3. Hungry’s Fine Fast Foods is interested in looking at their staffing for the lunch rush hour,
running from 10AM to 2 PM. People arrive as walk-ins, by car, or on a roughly scheduled
bus as follows:
o Walk-ins one at a time, inter-arrivals are exponential with a mean of 3 minutes;
the first walk-in occurs EXPO(3) minutes past 10AM.
o By car- with 1,2,3, or 4 people to a car with respective probabilities 0.2, 0.3. 0.3,
and 0.2; inter-arrivals distributed as exponential with a mean of 5 minutes; the first
car arrives EXPO(5) minutes past 10AM.
o A single bus arrives every day sometime between 11AM and 1PM (arrival time is
distributed uniformly over this period). The number of people on the bus varies from
day to day, but it appears to follow a Poisson distribution with a mean of 30 people.

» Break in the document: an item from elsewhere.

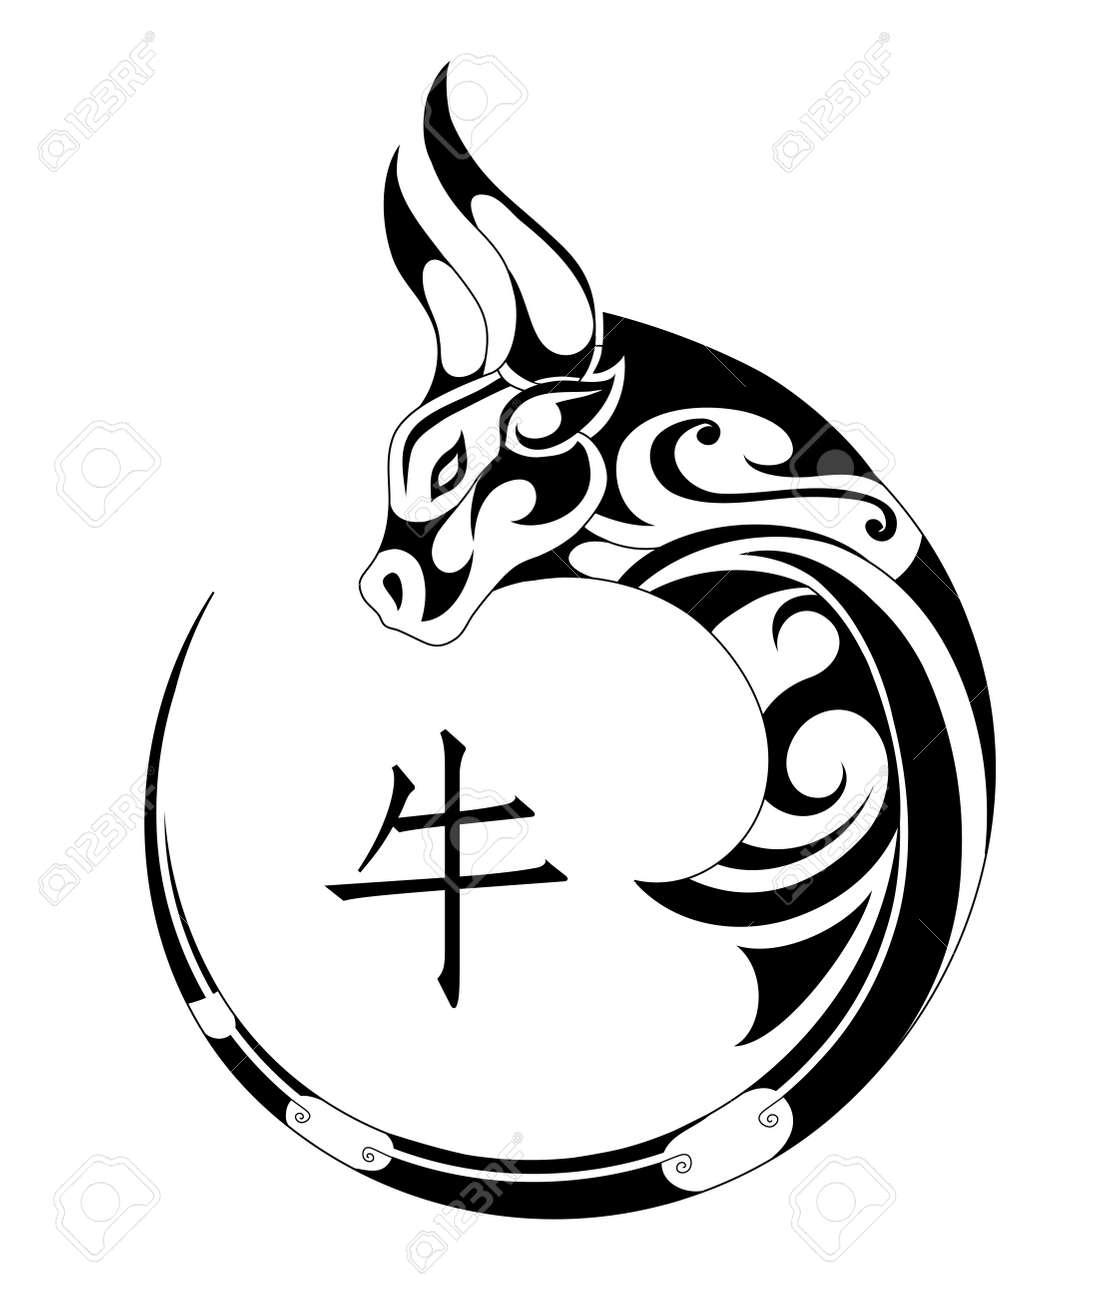 Ox tribal tattoo chinese zodiac symbol hieroglyph translation ox tribal tattoo chinese zodiac symbol hieroglyph translation ox stock vector 71965227 biocorpaavc Gallery
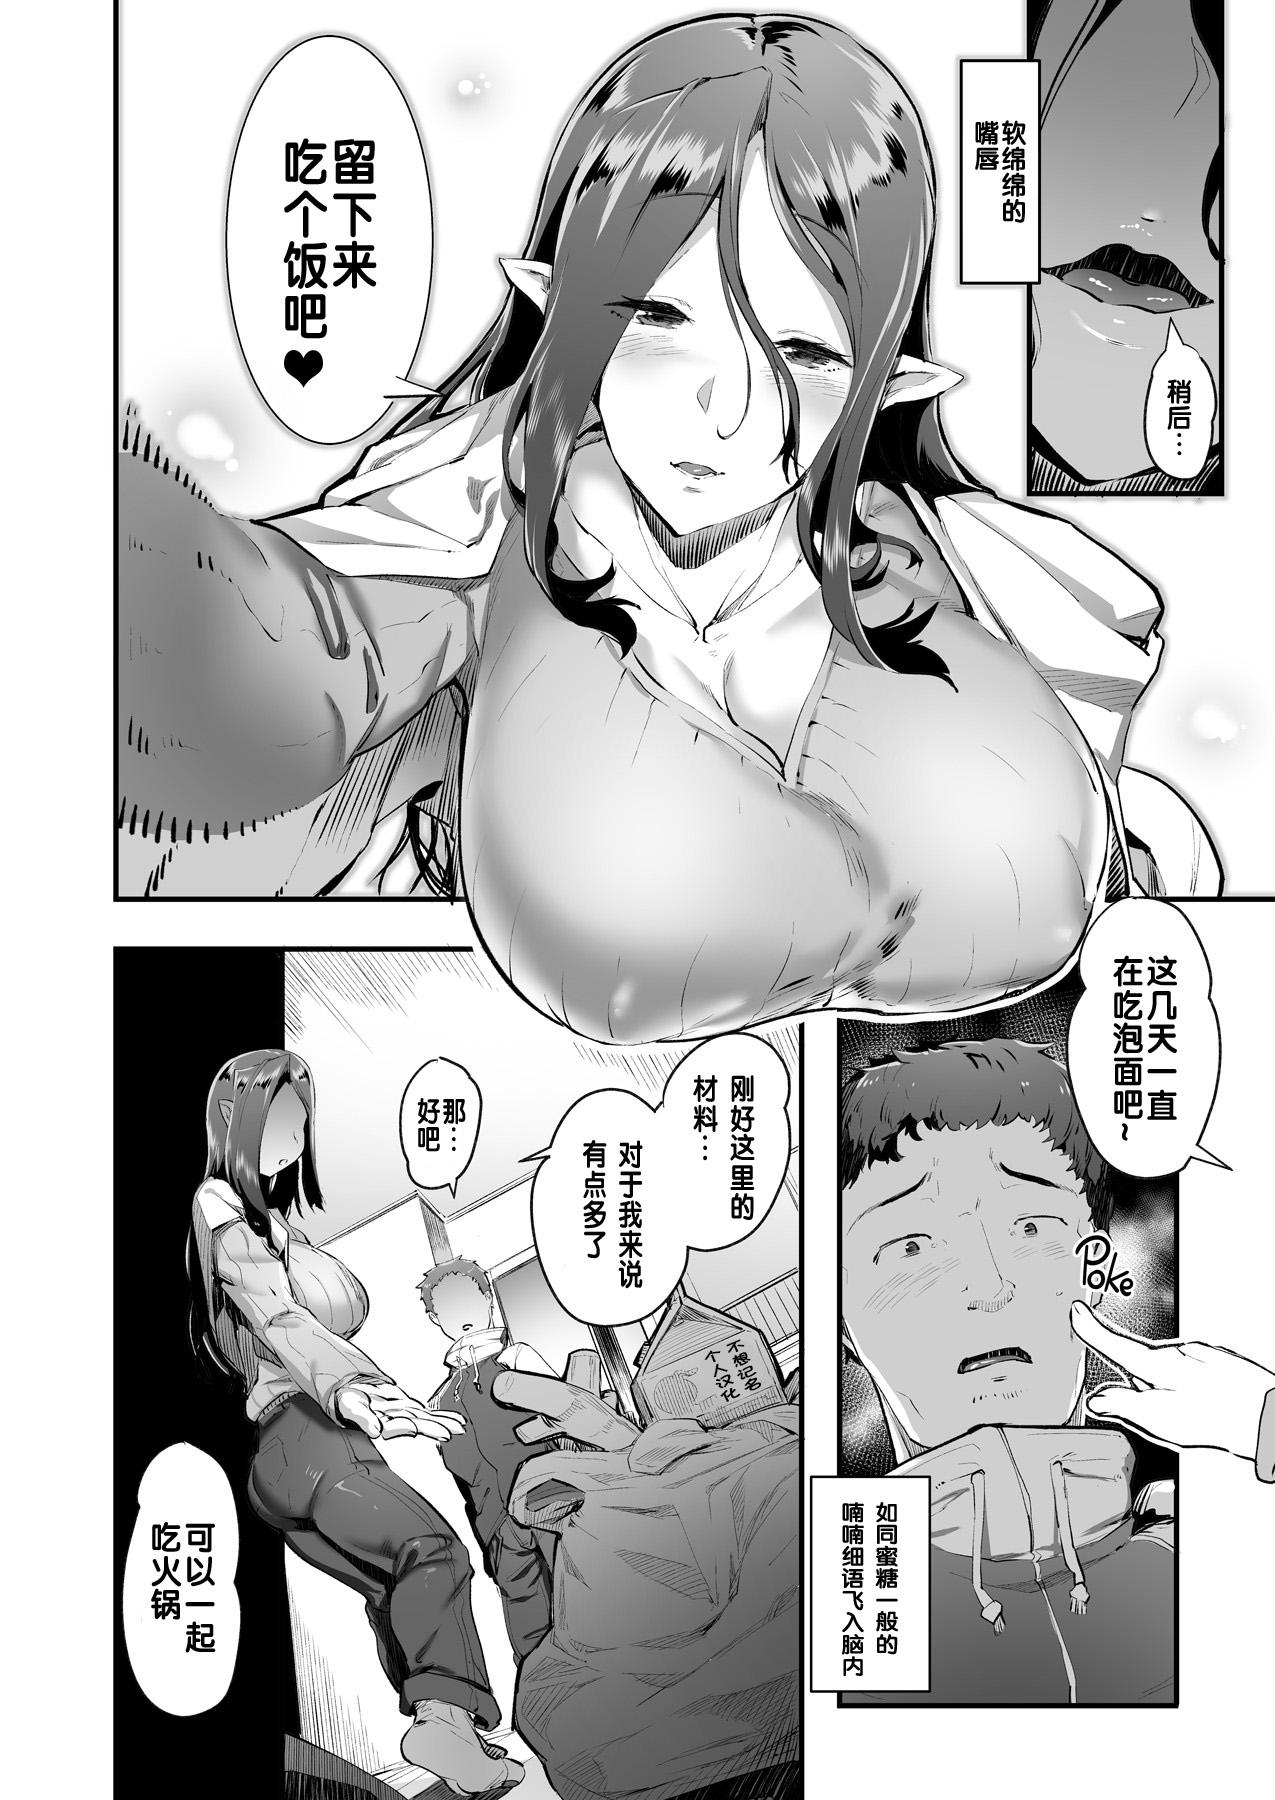 Succubus Miboujin Hirusagari no Himitsu 5

Once people arrive, either alone or in a group from any source, they operate independently
regardless of their source.
- The first stop is with one of the servers at the order/payment counter, where
ordering takes TRIA(1,2,4) minutes and payment takes TRIA(1,2,3) minutes; these
two operations are sequential, first order taking then payment, by the server for a
given customer.
- The next stop is pickup the food ordered, which takes an amount of time distributed
uniformly between 30 seconds and 2 minutes.
- Then, each customer goes to the dining room which has 30 seats (people are willing to sit anywhere, not necessarily with their group), and partakes of the sublime
victuals, taking an enjoyable TRIA(10,20,30) minutes.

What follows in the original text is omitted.